Сколько самых неусыпных трудов, тревог и забот доставляли ему “Отечественные записки”, – об этом хорошо знают все сотрудники. Он читал рукописи по беллетристике, правил их и готовил к печати, просматривал корректуры всех отделов журнала, вел переписку с некоторыми из иногородних сотрудников, сам писал статьи (иногда по две в месяц, то есть статью и маленький фельетон), имел объяснения с цензурой и т. д., словом, он весь был в журнале, всего себя в него вкладывал и жил в нем душою. Работал он очень много, так много, как может работать только очень привычный и сильный работник. Трудно даже понять, как это согласовывалось и уживалось со слабостью его физических сил и давно уже начавшимися разными болезнями и недомоганиями; а объяснить себе это можно разве только одним: необыкновенной его любовью к литературе и той тесной связью, какая существовала между нею и личной его жизнью. Весь досуг, все передышки между приступами болезни и ночные бессонницы, все печали и радости, мечты и помыслы – все отдавалось литературе. Жить для него – значило писать или что-нибудь делать для литературы. Как Некрасов говорит старику рассыльному, у которого болят ноги от ходьбы: “Жить тебе, пока ты на ходу”, – так можно было бы сказать и Салтыкову относительно литературы. Литература была для него тем же, чем земля для известного мифического героя, получавшего силу от земли, или сказочная живая вода для изрубленных в куски богатырей, которые, будучи ею окроплены, опять оживали, становились еще более сильными и отправлялись на новые подвиги.
Сказать, что он просто читал и готовил к печати рукописи, – значит мало сказать, потому что надо знать, как это делалось: в противоположность Некрасову и Елисееву он сильно марал и исправлял рукописи, так что некоторые из них поступали в типографию все перемаранными, а иные страницы и совсем вновь бывали переписаны на полях его рукою. Что это была за “египетская работа”, не всякий знает и не может представить себе, не зная близко журнального дела. Кроме главной проблемы – чтобы не испортить вещи и не столкнуться с авторским самолюбием тут много еще чисто технических затруднений: при соединении оставшихся частей, при изменении оставшегося текста, согласно выпущенным или измененным местам (чтобы не вышло несообразностей и противоречий), при соблюдении архитектуры целого и отдельных глав, при вписывании вставок и т. д., и т. д. Н. К. Михайловский рассказывает, например, о такой операции, произведенной Салтыковым над повестью Котелянского “Чиншевики”: он вытравил целиком на всем протяжении повести одно из действующих лиц со всеми его довольно сложными отношениями с другими, оставшимися действующими лицами. И Котелянский потом был благодарен Салтыкову за эту операцию, так как она улучшила повесть, и только удивлялся, как он ухитрился это сделать, как хватило у него на это терпения и внимательности.

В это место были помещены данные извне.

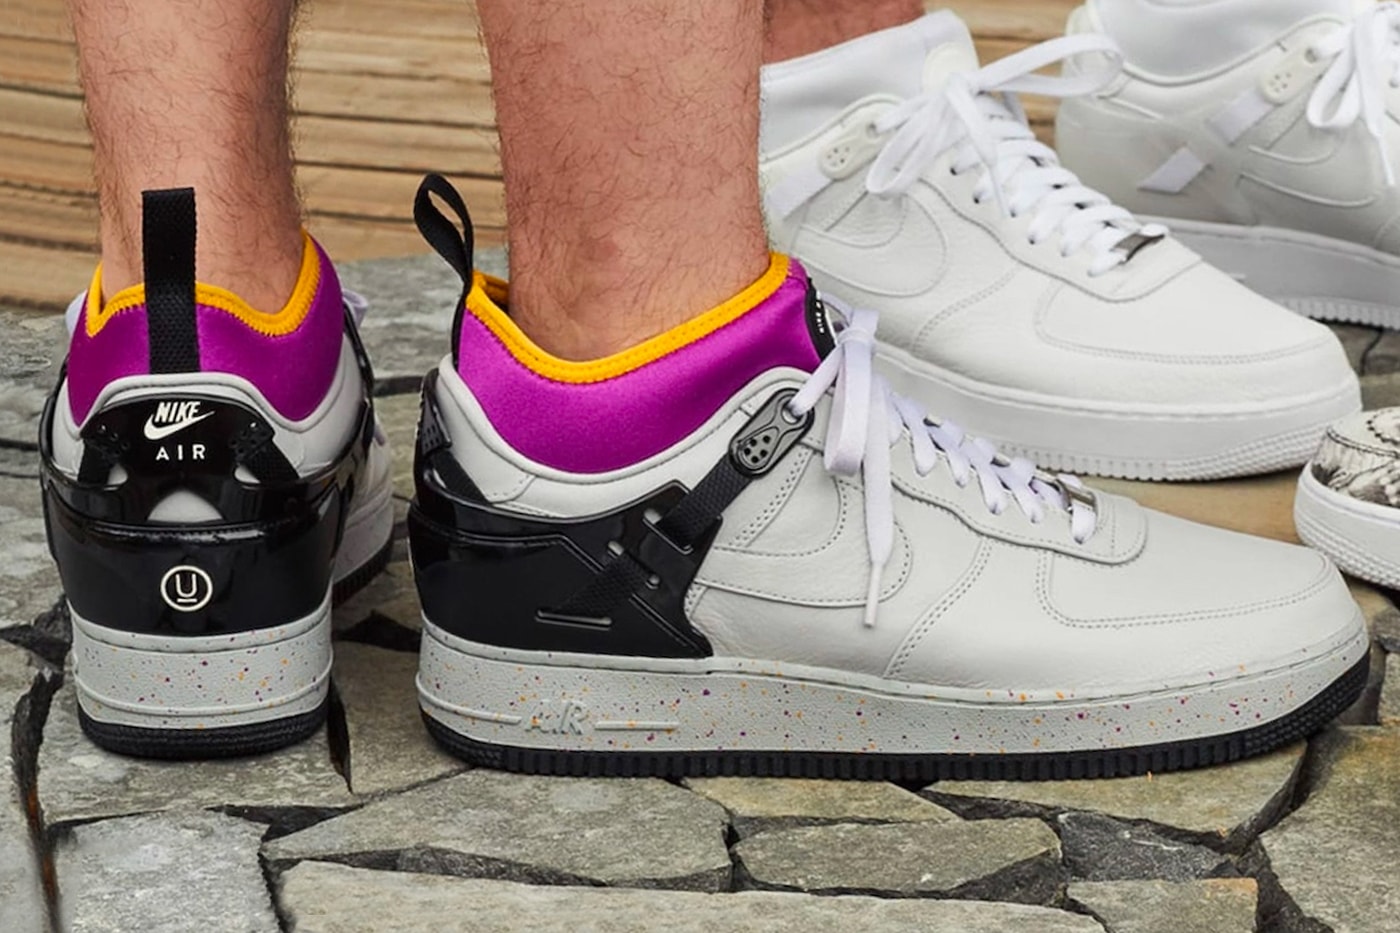 UNDERCOVER Nike Air Force 1 ACG Air Revaderchi Closer Look Info Release Date Jun Takahashi Spring Summer 2022 Collection
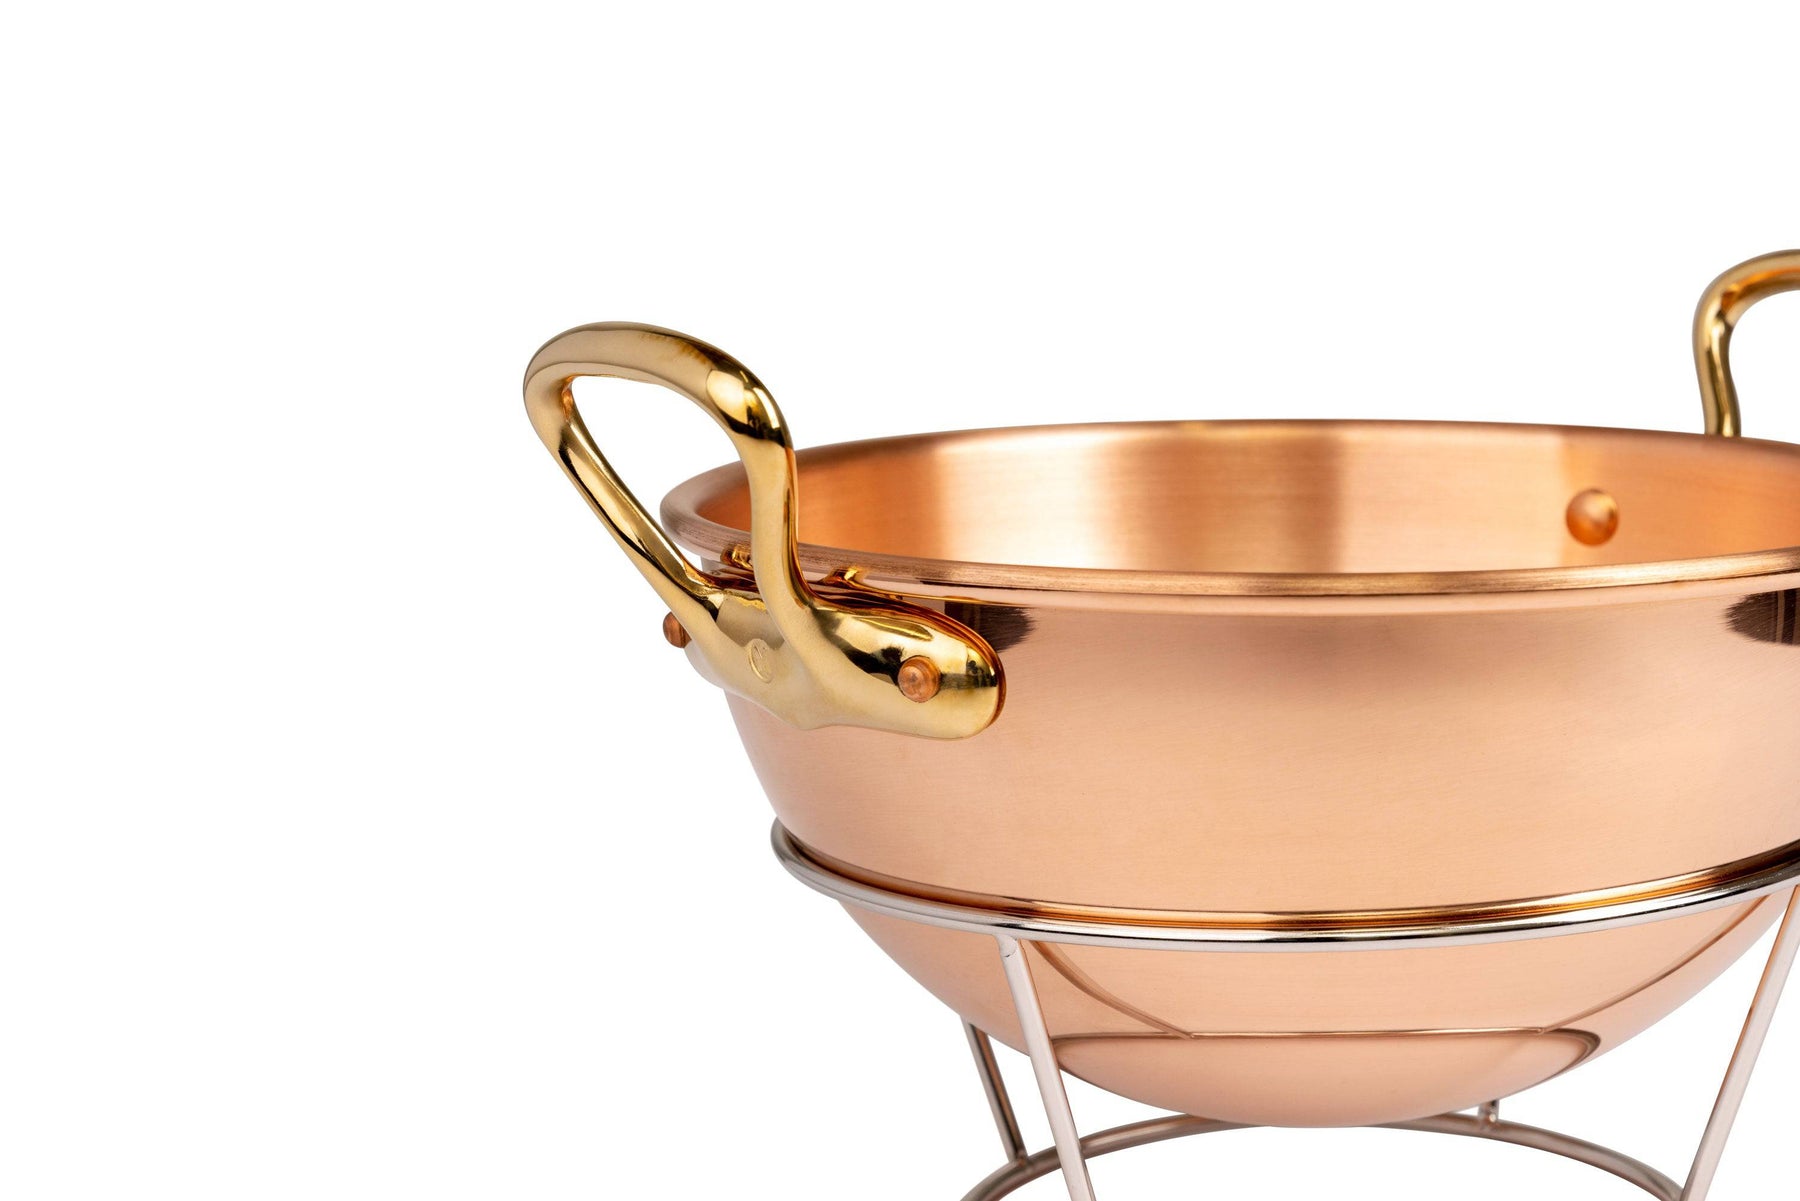 https://www.outletbakeware.com/wp-content/uploads/2023/03/Egg-Bowl-with-Brass-handles-Detail_1800x1800.jpg

Но тут, кроме труда и внимания, требовалось еще много чисто художественного такта, уменья и тщательности в работе. Насколько успешно все это достигалось Салтыковым, лучше всего, мне кажется, можно видеть из того, что большинство авторов, более или менее постоянно появлявшихся в “Отечественных записках”, подобно Котелянскому, оставались довольны исправлениями и не только не вступали с ним в какие бы то ни было пререкания, но именно понимали, что произведения их выигрывали от его опытной руки. Случались, конечно, иногда и обиды, когда авторами были слишком самомнительные люди, требовавшие, чтобы ни одного слова у них не было выпущено и изменено, или когда Салтыков, увлеченный работой и художественной правдой, делал в произведениях слишком крутые “перевороты”. Об одной из таких обид вспоминает, например, г-н Скабичевский: одна сентиментальная романистка непременно желала окончить свой роман смертью героини от чахотки, а Салтыков нашел, что той будет гораздо лучше выйти замуж за героя, и потому взял и повенчал их. Но таких случаев было очень мало; едва ли даже это не единственный случай. Зато гораздо чаще приходилось слышать то (о чем также припоминает г-н Скабичевский), что люди, не знавшие о тех операциях, какие производил Салтыков над произведениями второстепенных беллетристов, приходили нередко в удивление, отчего это те самые писатели, которые под редакцией Салтыкова помещают весьма недурные рассказы и повести, в другие издания приносят вещи ниже всякой критики и даже совсем неудобные для печатания. А с другой стороны, сделано также и такое наблюдение, что писатели, печатавшиеся прежде в “Отечественных записках” и бывшие вполне приличными, значительно изменились к худшему в смысле литературной выдержанности направления и порядочности, после того как стали писать в других изданиях, т. е. после того, как вышли из-под влияния известной литературной атмосферы.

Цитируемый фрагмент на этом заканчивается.